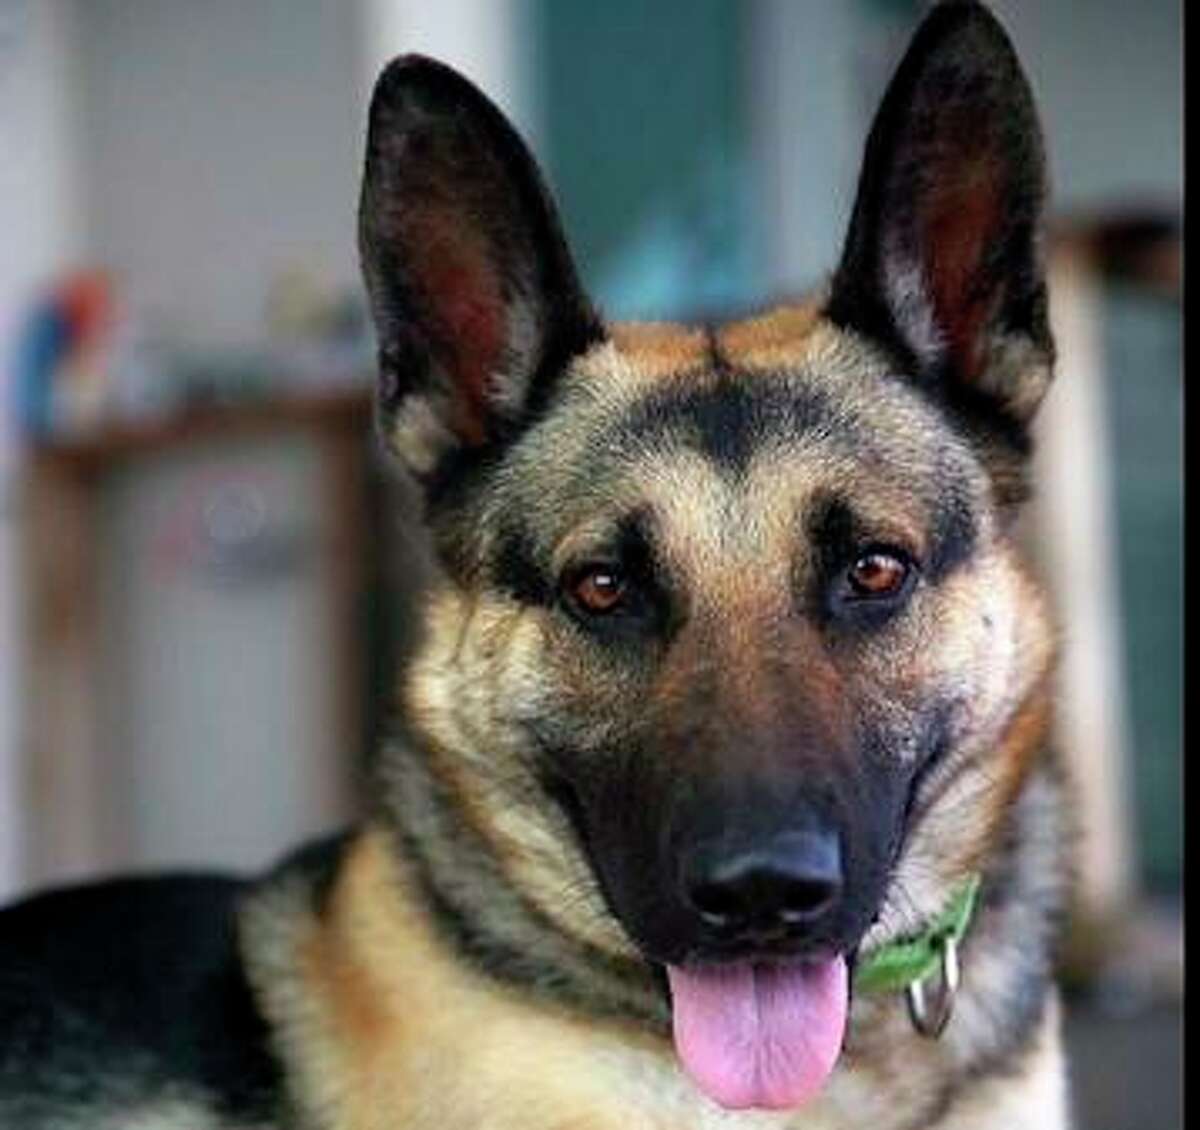 A photo of Summer, a 5-year-old German Shepherd reported stolen out of its owners hands in San Francisco.
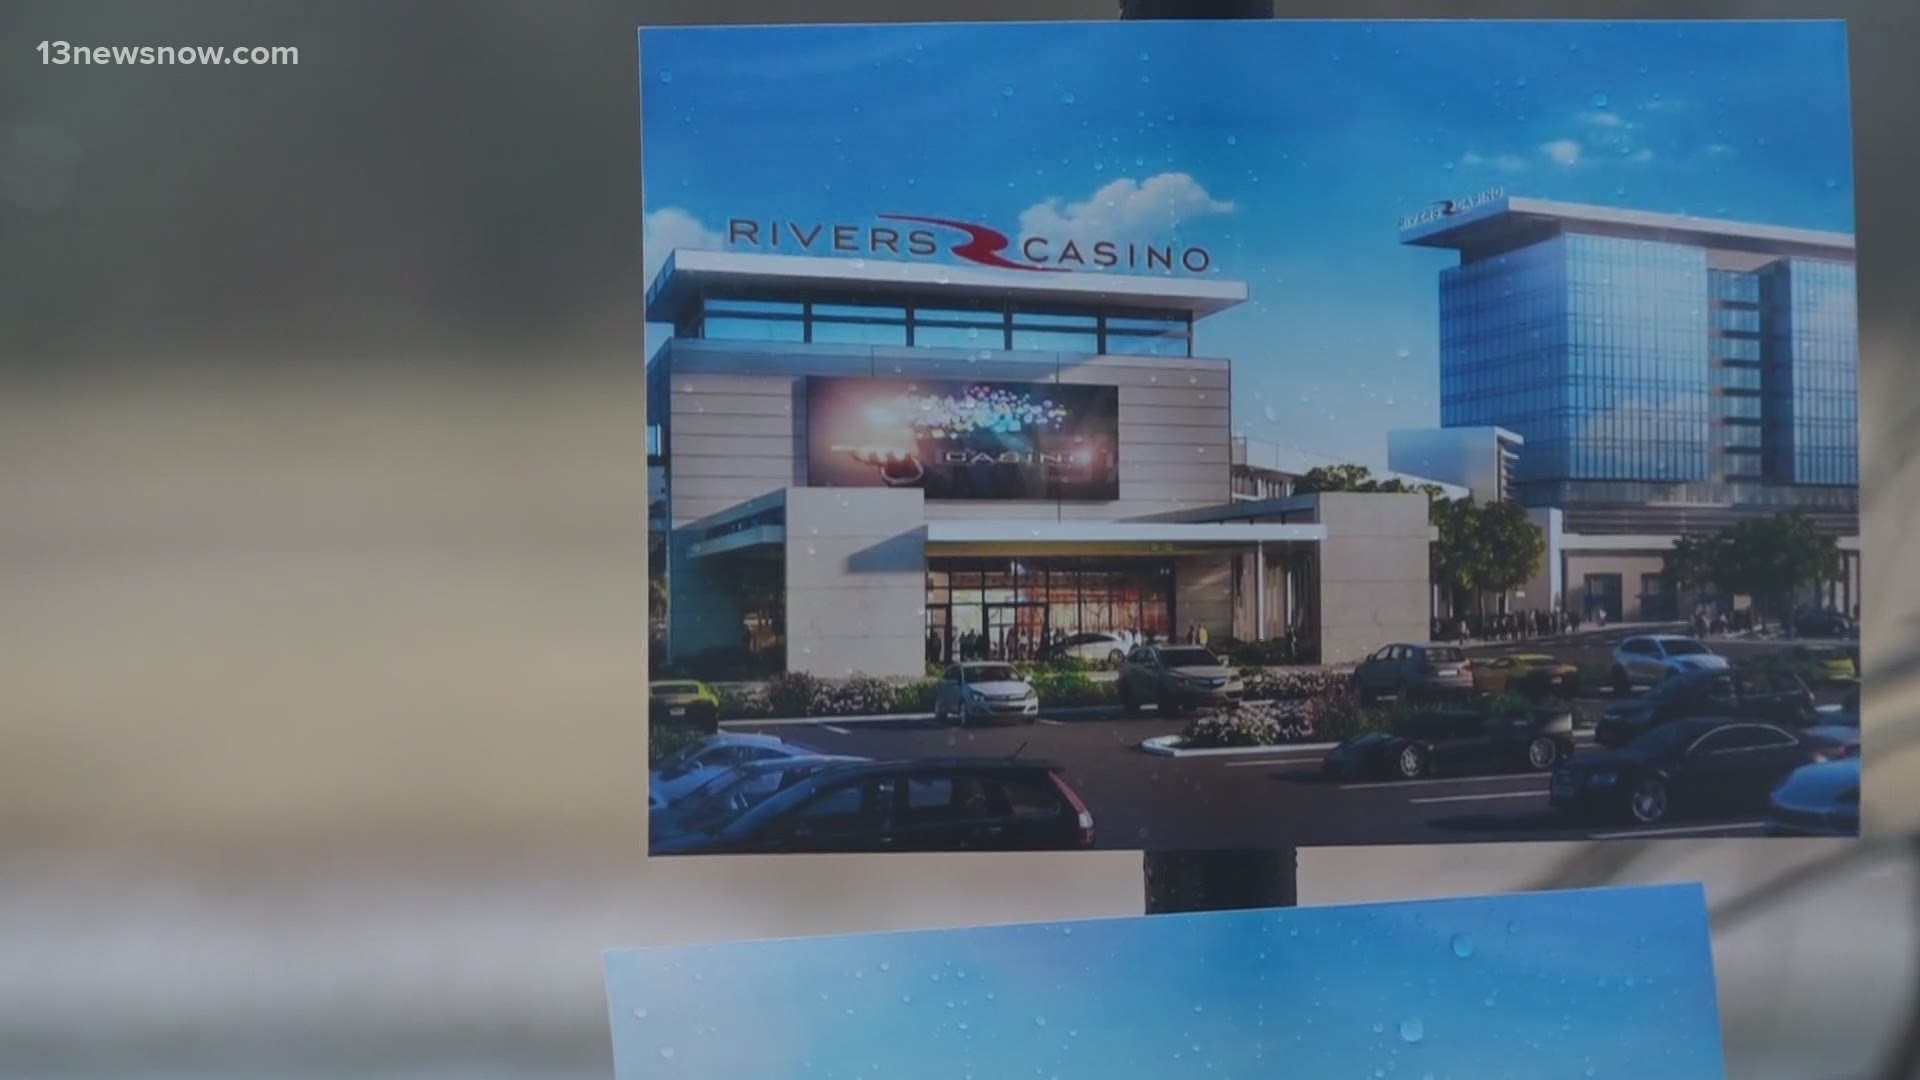 Small businesses have a chance to get in on a big venture: the Rivers Casino Project in Portsmouth.
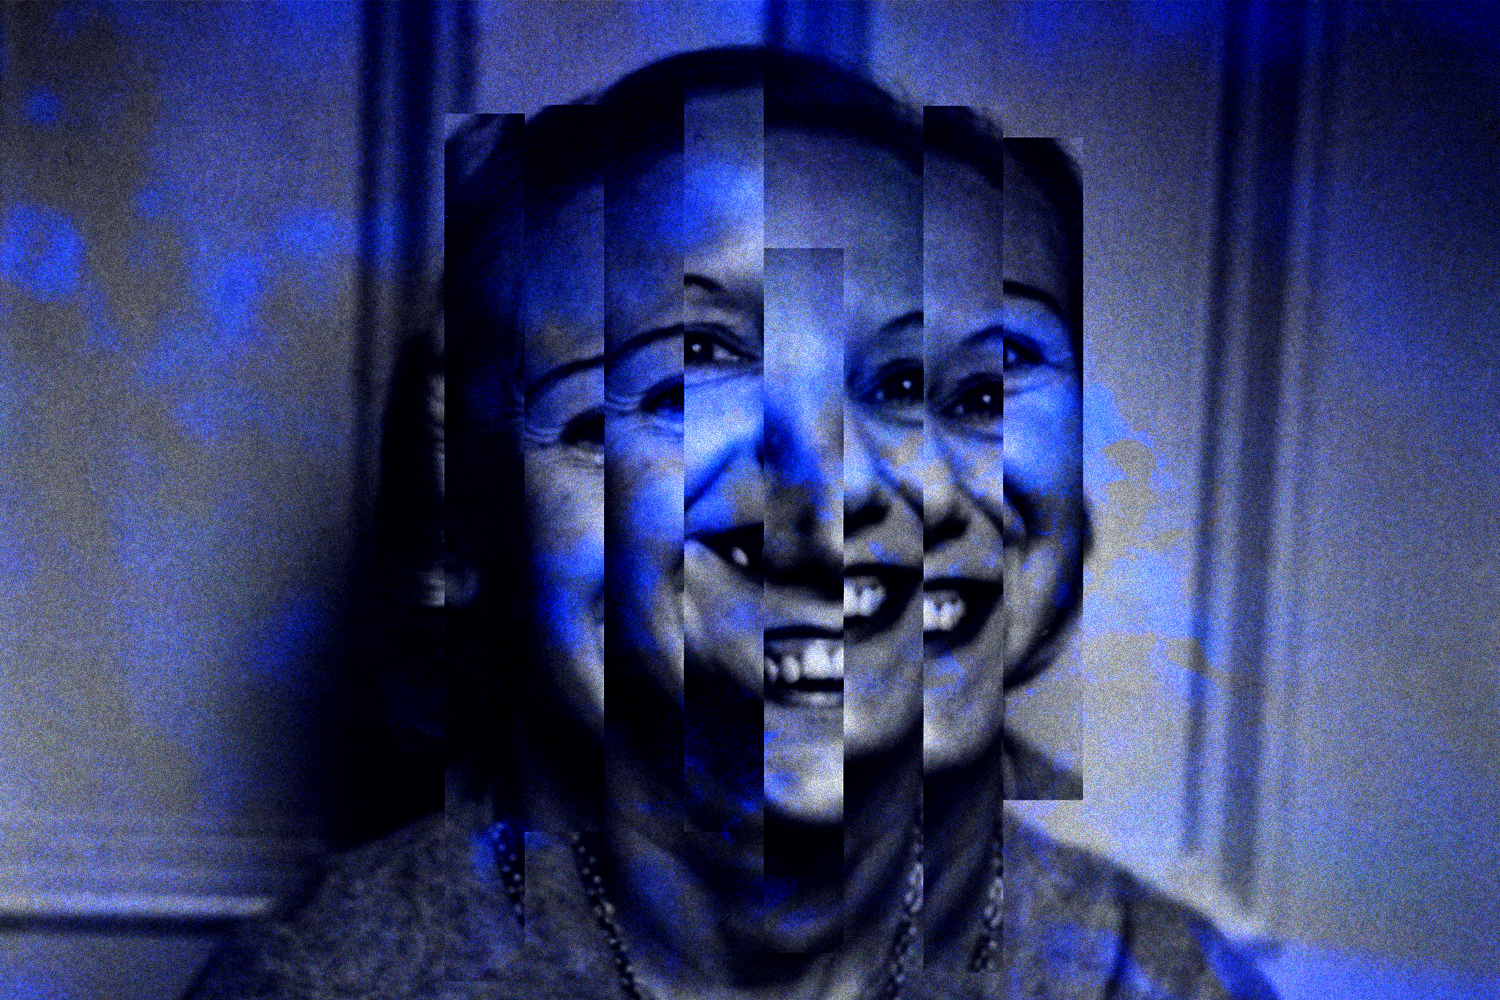 Image: A photo of Anna Kavan smiling in greyscale and blues, rectangular fractions of her face disjointed. Image by Ryan Edmund Thiel.

▶ [EXERCISE DESCRIPTION]
The lines running from the one with "Small businesses have" to the close of the material above are to be retyped exactly; no picture is to be included.

▶ [ANSWER TO THE PROBLEM]
 Small businesses have a chance to get in on a big venture: the Rivers Casino Project in Portsmouth.
 Image: A photo of Anna Kavan smiling in greyscale and blues, rectangular fractions of her face disjointed. Image by Ryan Edmund Thiel.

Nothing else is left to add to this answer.